Common failure modes (and how to fix them)
"Drafts don't sound like me"
Feed the agent 5-10 real examples of emails you've sent in different categories. Most platforms let you attach a "voice sample" file. If yours doesn't, paste the examples directly into the system prompt under a "Tone examples" section.
"It labels too aggressively/conservatively"
Be more explicit in instructions. Add borderline examples: "Email from newsletter X = noise, even though it has a client name in it." The agent will follow specific examples over general rules.
"It's missing obvious urgent emails"
Explicitly whitelist escalation triggers: specific words, specific sender domains, specific time windows. Don't assume the agent shares your urgency intuition.

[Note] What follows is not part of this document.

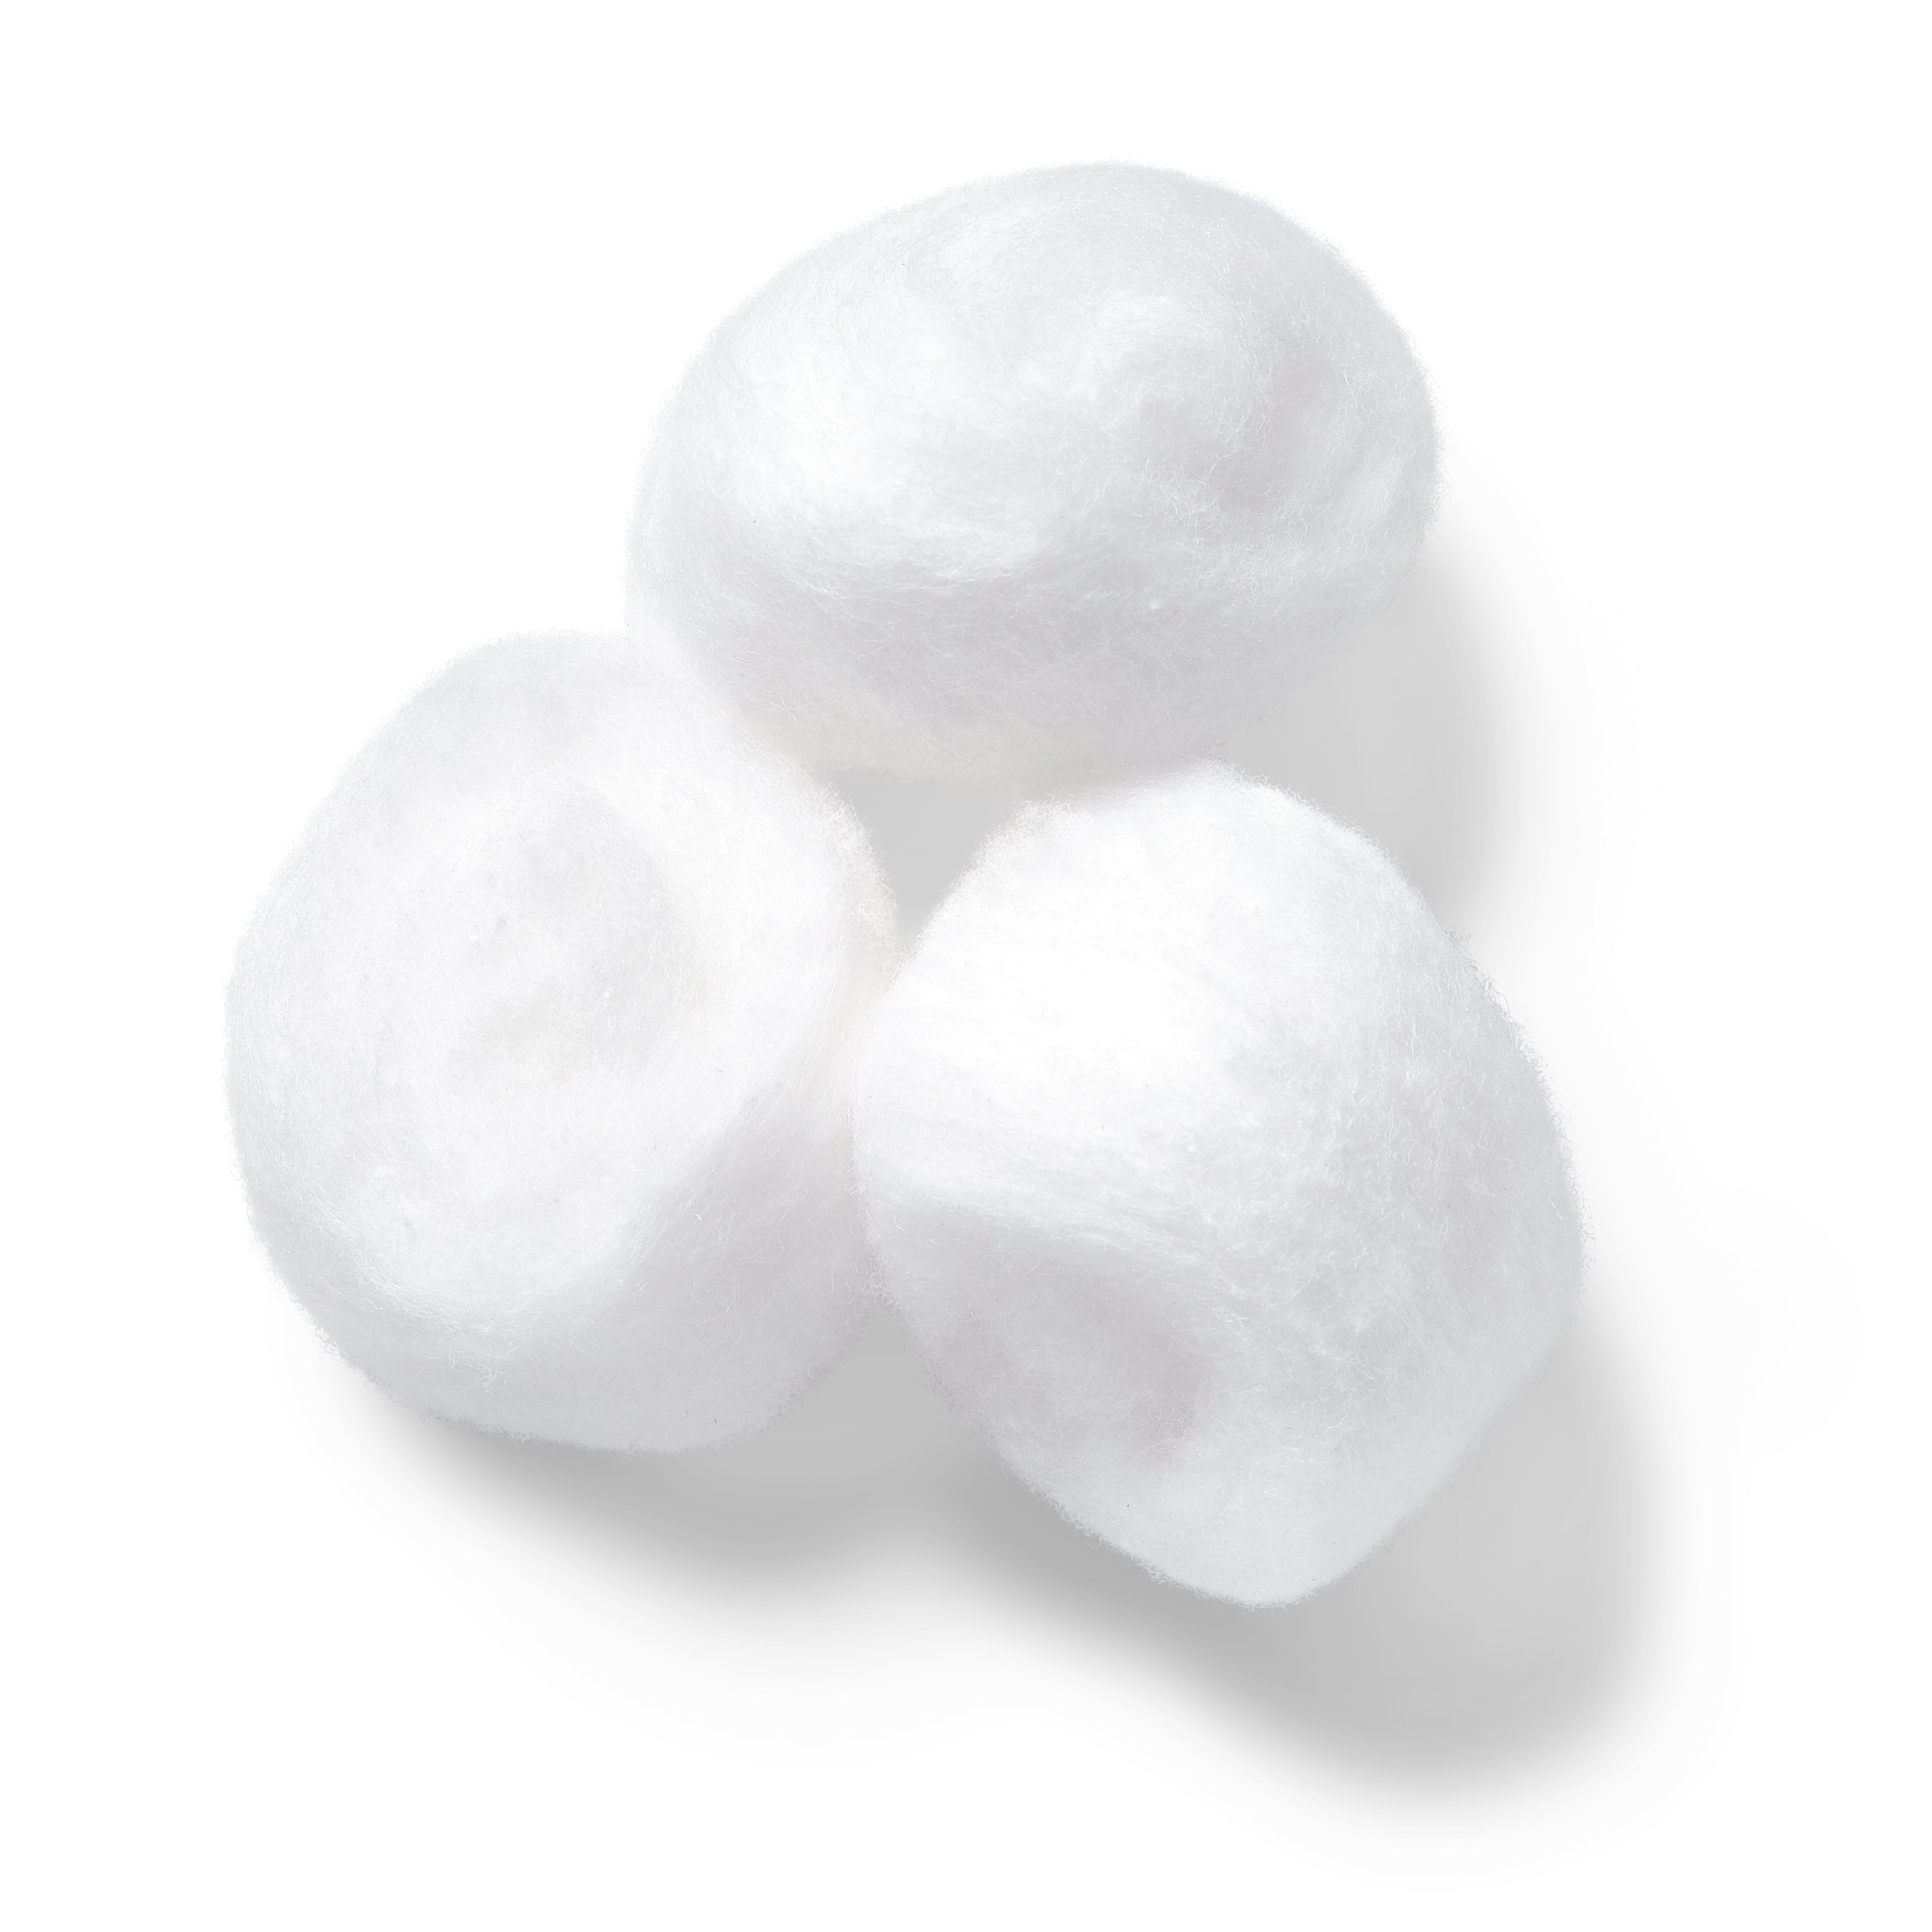 Good Sense Cotton Balls Jumbo 100% Pure Cotton, Lot Of 3 Bags, 100

"It's taking actions I didn't authorize"
This shouldn't happen with read + draft permissions. If it does, immediately revoke access and contact platform support — it's a real bug. In practice: don't grant send permissions for at least 30 days of watching drafts.
Stepping up from here
Once your first agent is running smoothly, the natural progressions are:
- More agents. Calendar prep, meeting summary, weekly client report. Lindy makes each one a copy of your first agent with different instructions.
- Chaining. Output of agent A triggers agent B. Example: agent A extracts meeting notes, agent B drafts follow-up emails.
- Platform upgrade. If you hit Lindy's free tier ceiling, move to $49/month Pro or switch to self-hosted n8n for unlimited runs at $5-20/month VPS.
Is no-code the right path for you?
No-code agent builders are the fastest path from idea to working agent. Their limits: complex multi-step logic, tight integration with systems that don't have pre-built connectors, cost at high volume.
If you're a solo operator with 5-50 agent tasks per week and don't write code — absolutely start no-code. You'll be productive within an hour.
If you write code and expect to run serious volume (5,000+ operations/month) — skip no-code and go straight to n8n self-hosted + Claude API, or custom builds. The learning curve is longer but the long-term cost and flexibility are better.